Hi, my name is Joybell. I'm a cat and an only child in a peaceful-smelling Christian home. My mom thinks she's human, but I know she's really a cat. Anyway, she says if you look up "scardy cat" in the dictionary, you'll find my picture next to it. I say humans have made God's world very LOUD, and LOUD is scary. Make sure to ring that awful bell if you visit my mom, so I can run upstairs and hide before she can parade me off. Once she let a whole gaggle of noisy humans over, they were talking about God and stuff, and I got trapped behind the washer because my mean mommy shut all the doors and I had no where else to hide.
Another time she abandoned me forever and ever (okay, a month, but I though she was never coming back at the time) and left me all alone with the Big Scary Man she lives with (Mom just interjected something about them being married, but we don't have that concept in my native tongue, so I'm not sure what the difference is.) I'm not sure I like Big Scary Man. He's big, he's scary, he's LOUD and he doesn't smell like my mom. People who don't smell like mom are dangerous in general, and you don't smell at all, which is even more suspicious, but you're just on this box thingy, and can't hurt me. Big Scary Man, he's not light on his feet like me and mom. I run when I see him coming, lest he step on me. Thankfully, he's gone all day and spends most of his nights on the computer. I don't think Mom appreciates his thoughtfulness as much as I do, though.
Anyway, my mom is a writer. She has an
advice column , and I decided I'd like one of my own, so she directed me to shout life and helped me set this all up. As you can see, I'm not as smart as my mom, so please keep this fun! Oh, and it'd help if you asked about stuff a kitty like me would know about.
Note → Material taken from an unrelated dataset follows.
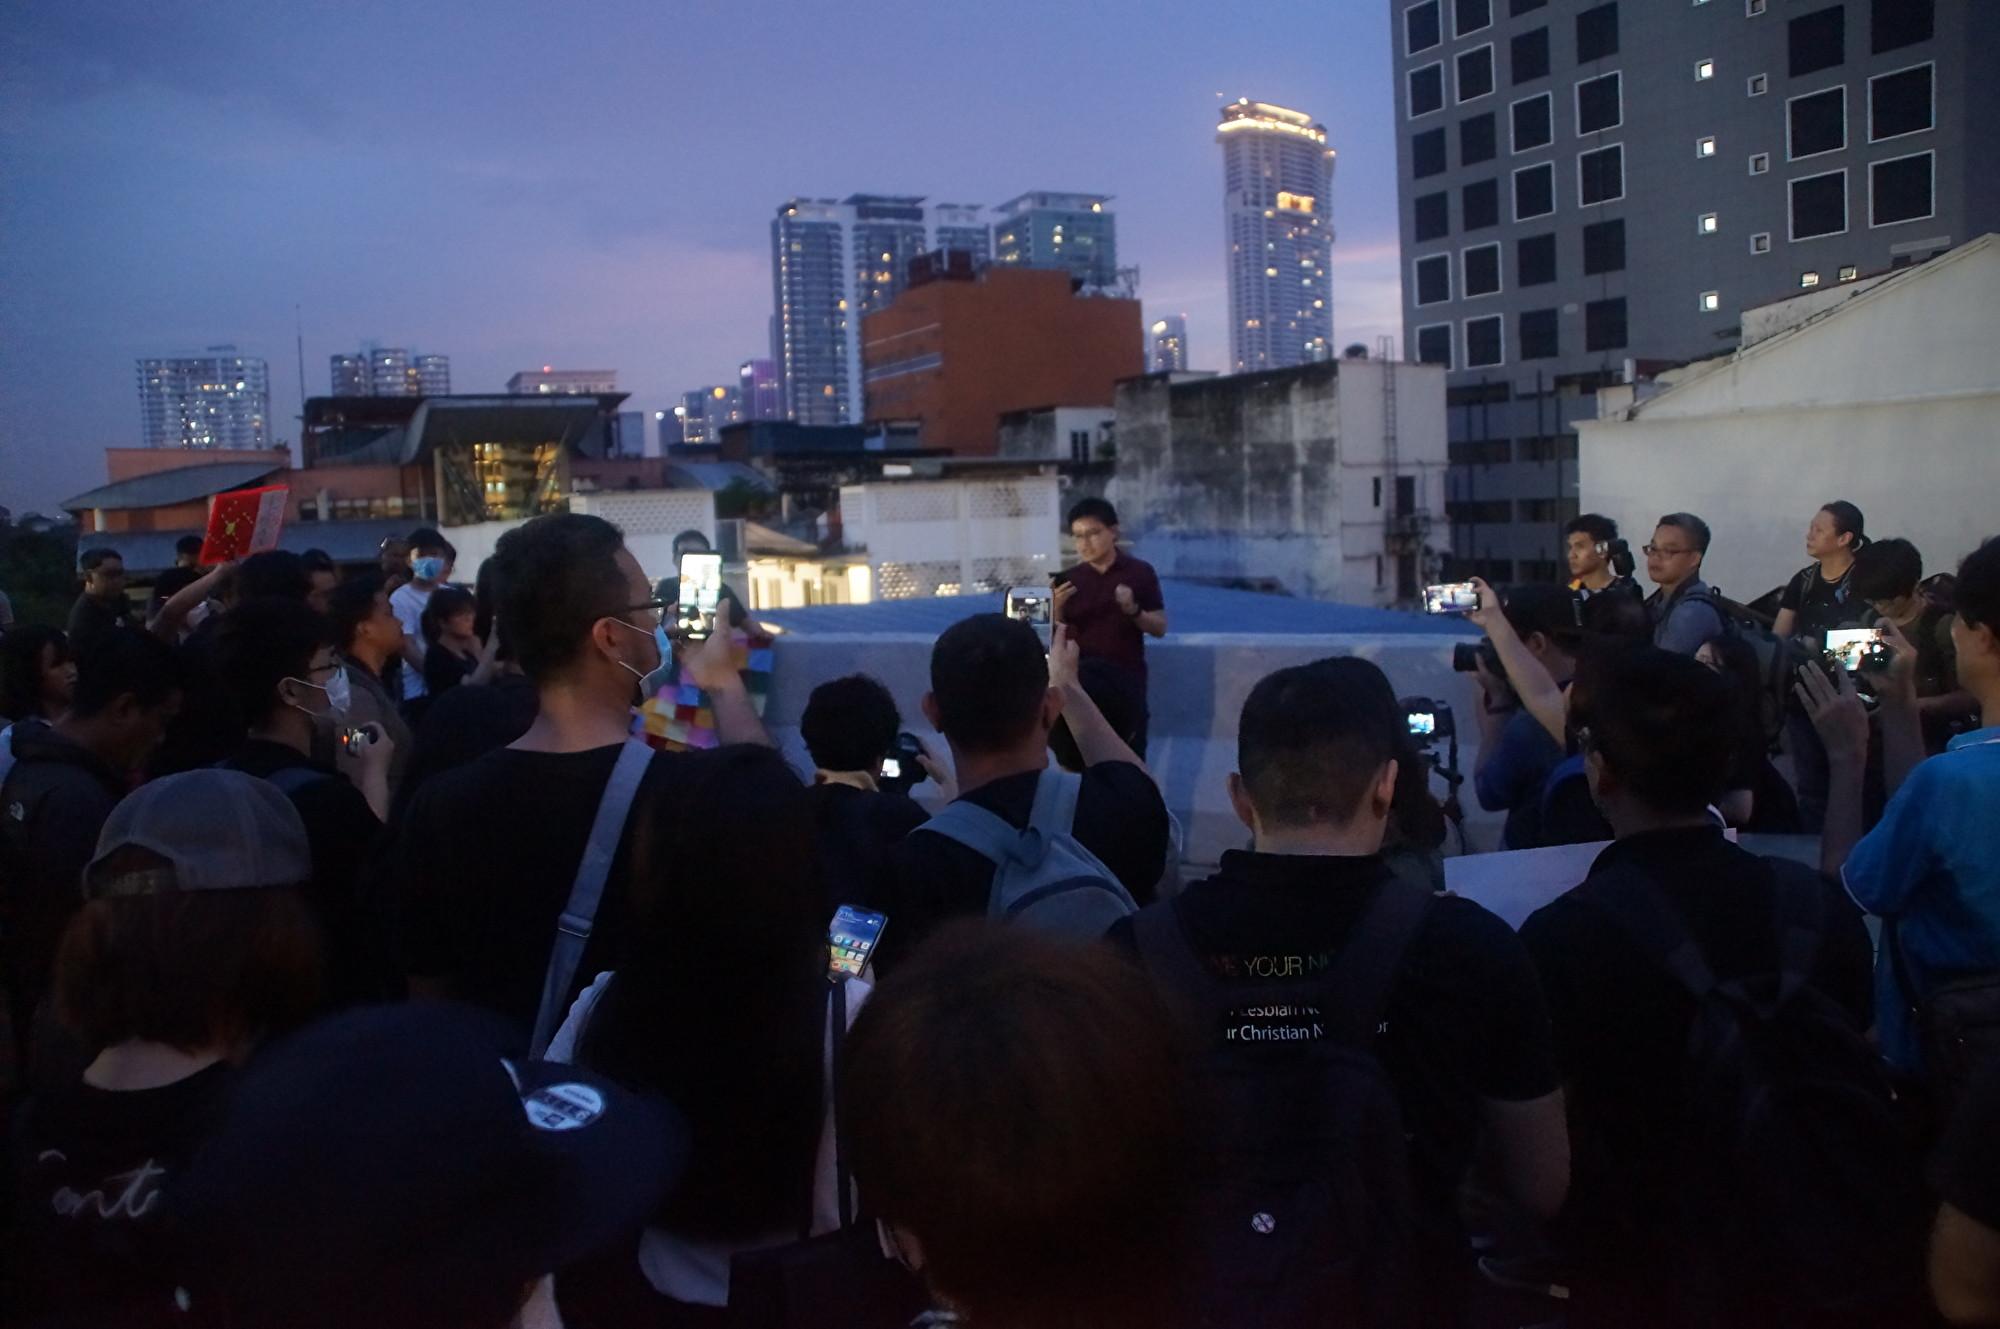 【9.29反極權】無懼中共施壓 大馬撐港集會如期舉行
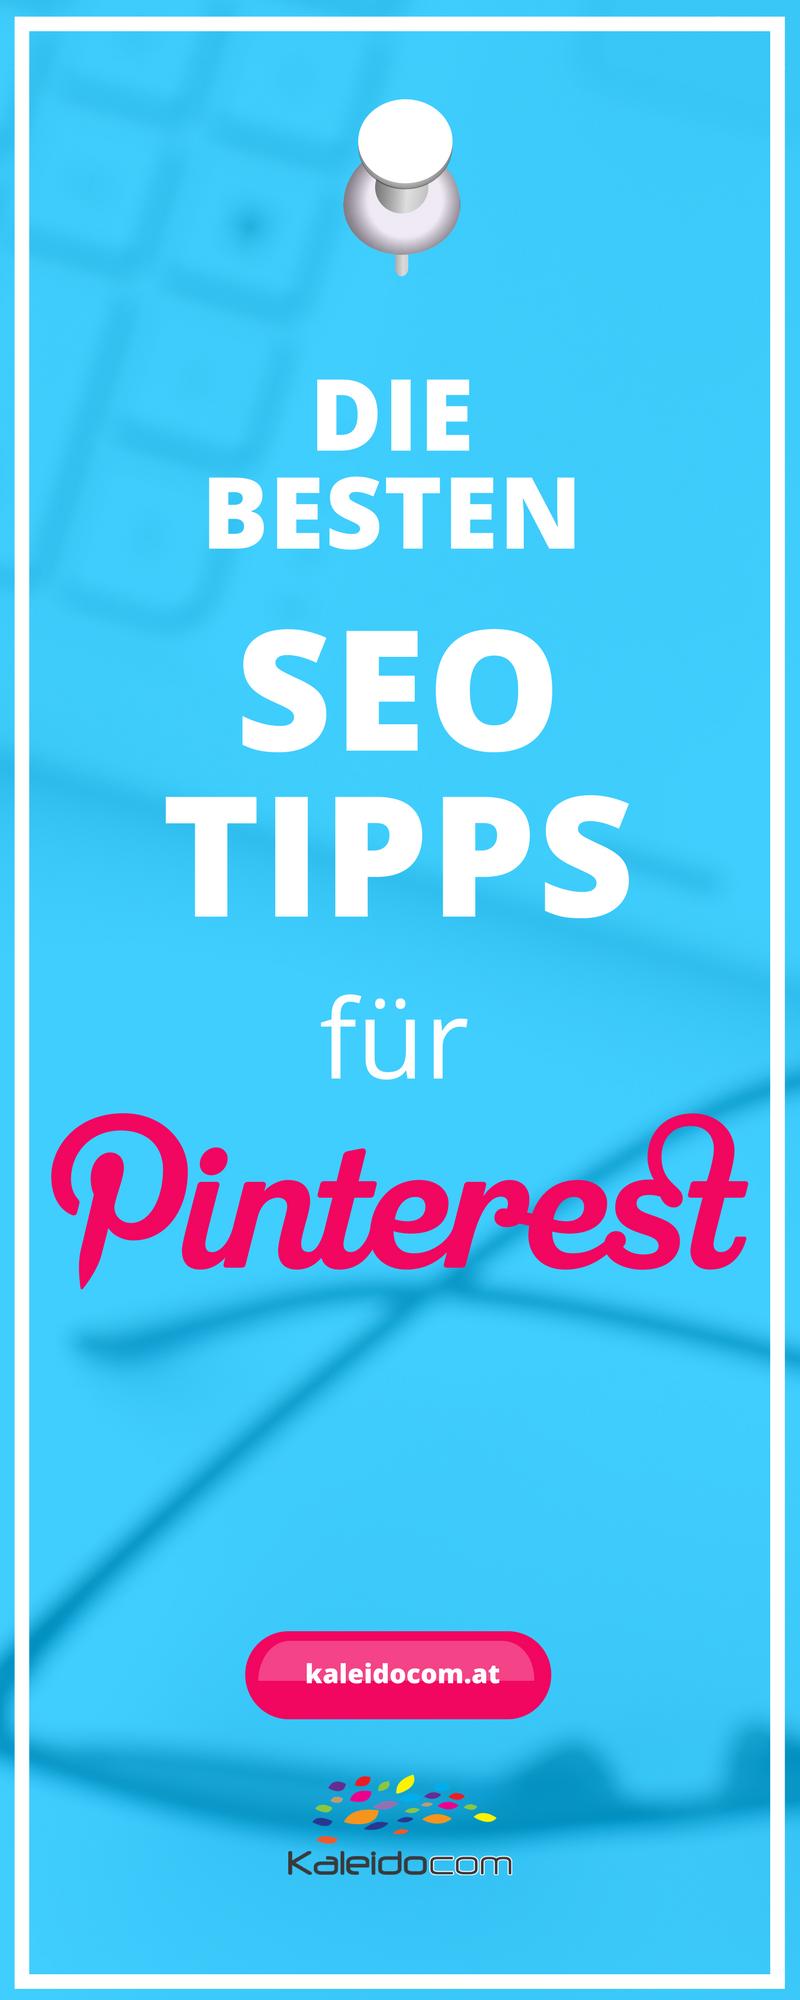 Die besten SEO Tipps für Pinterest - so optimierst Du Deine Inhalte richtig.

If you don't write in, I'll email myself to you and pretend you're a spider (I'm more of a bugger than a mouser.) Okay, I'm kidding. Seriously now, better write in--or I'll be forced to write stuff like, "Ways to Remind a Forgetful Mom to Feed You," "If All Else Fails, Self-Feed," "Why Spiders and Flying Insects are the Funnest" "Worst Cruelties Man Invented" (top of the list: Spray bottles, air horns, and clapping) and "Note to Self: Big Scary Man Doesn't Make a Good Tree"
Oh, Mom wants me to tell you I'm a fictional character she created and not really me. But she's lying! I know it!